How they blended into their surroundings.
How they sensed danger before it arrived.
Then the real training began.
The old man pointed at a small bird perched on a branch.
"Make it land."
William failed.
Then came a rabbit.
"Make it approach you."
He failed again.
Days passed.
Then weeks.
Failure after failure.
Yet slowly, something began to click.
His ability wasn't domination.
It wasn't chains wrapped around another mind.
It was communication.
A bridge between two consciousnesses.
One day, the rabbit finally approached.
One step.
Then another.
Until it stood before him.
Moments later it ran away.
But it was enough.
His first true success.
The old man later brought him deeper into the forest.
Into a place where sunlight barely reached the ground.

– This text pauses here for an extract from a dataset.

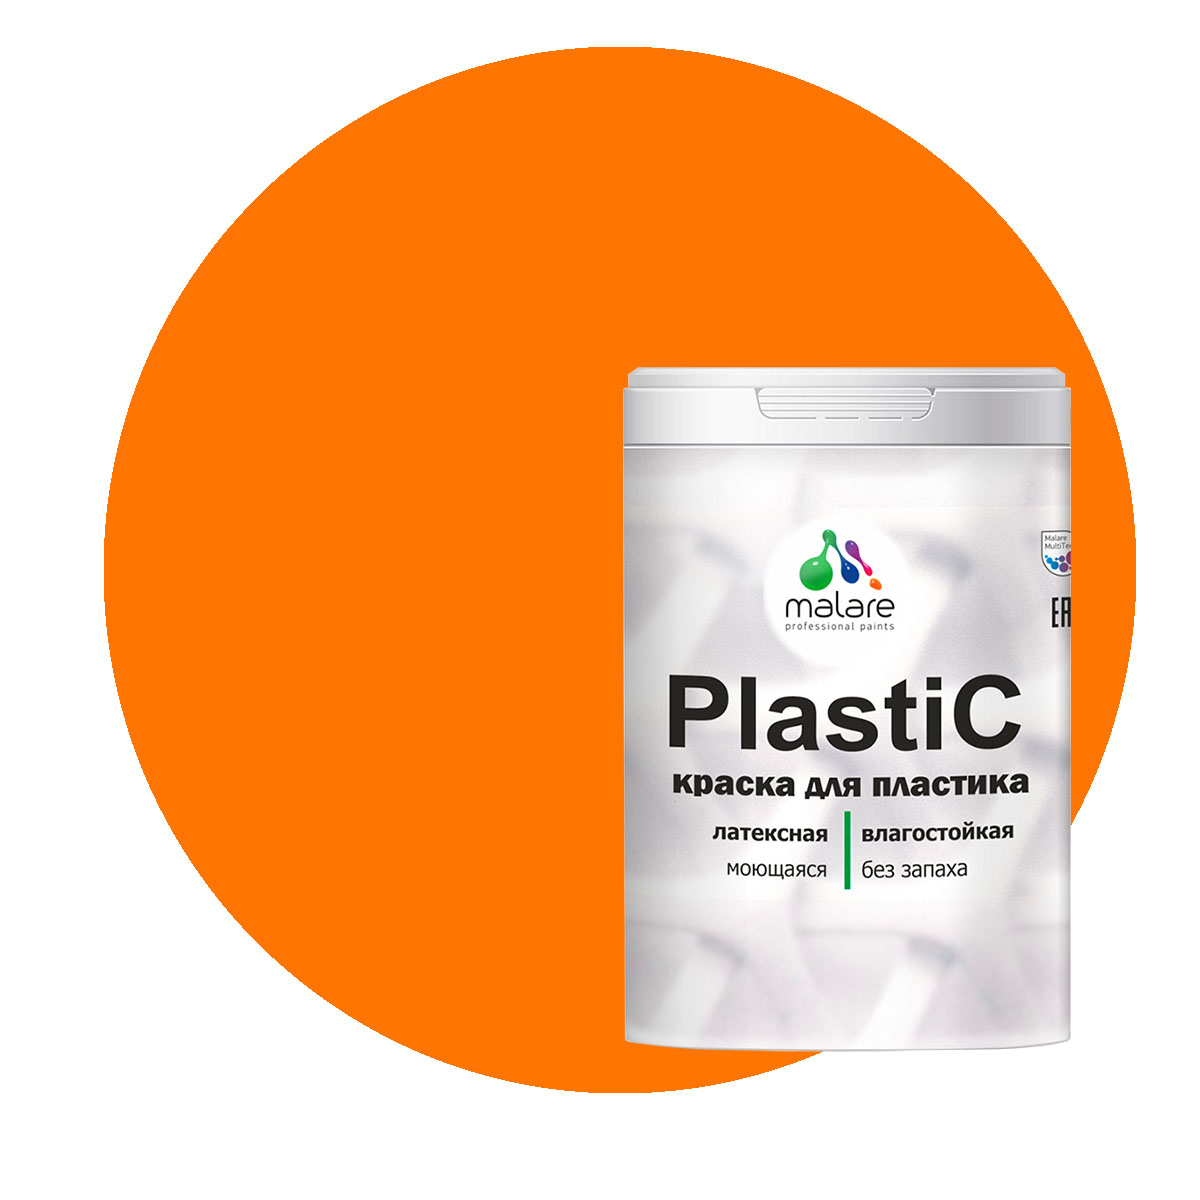 Краска Malare PlastiC для пластика, ПВХ, для сайдинга, сочный цитрус, 2 кг. краска malare plastic для пластика пвх для сайдинга оранжевый закат 2 кг

There, a massive gray wolf emerged.
Its fur was covered in scars.
Its eyes were sharp as blades.
It circled them slowly.
Studying them.
Judging them.
"Make it retreat."
William projected dominance.
The wolf immediately bared its fangs.
Ready to attack.
The old man raised one hand.
The wolf stopped.
Then he looked at William.
"You're still thinking like a hunter."
William closed his eyes.
He tried to understand the wolf.
Its hunger.
Its caution.
Its instinct to protect its territory.
Then he sent a different message.
We are not enemies.
The wolf hesitated.
Several seconds passed.
Then it turned away.
Disappearing between the trees.
William released a breath he hadn't realized he was holding.
The old man smiled faintly.
"Fear is the root of most battles."
One night, they heard a strange cry echo through the forest.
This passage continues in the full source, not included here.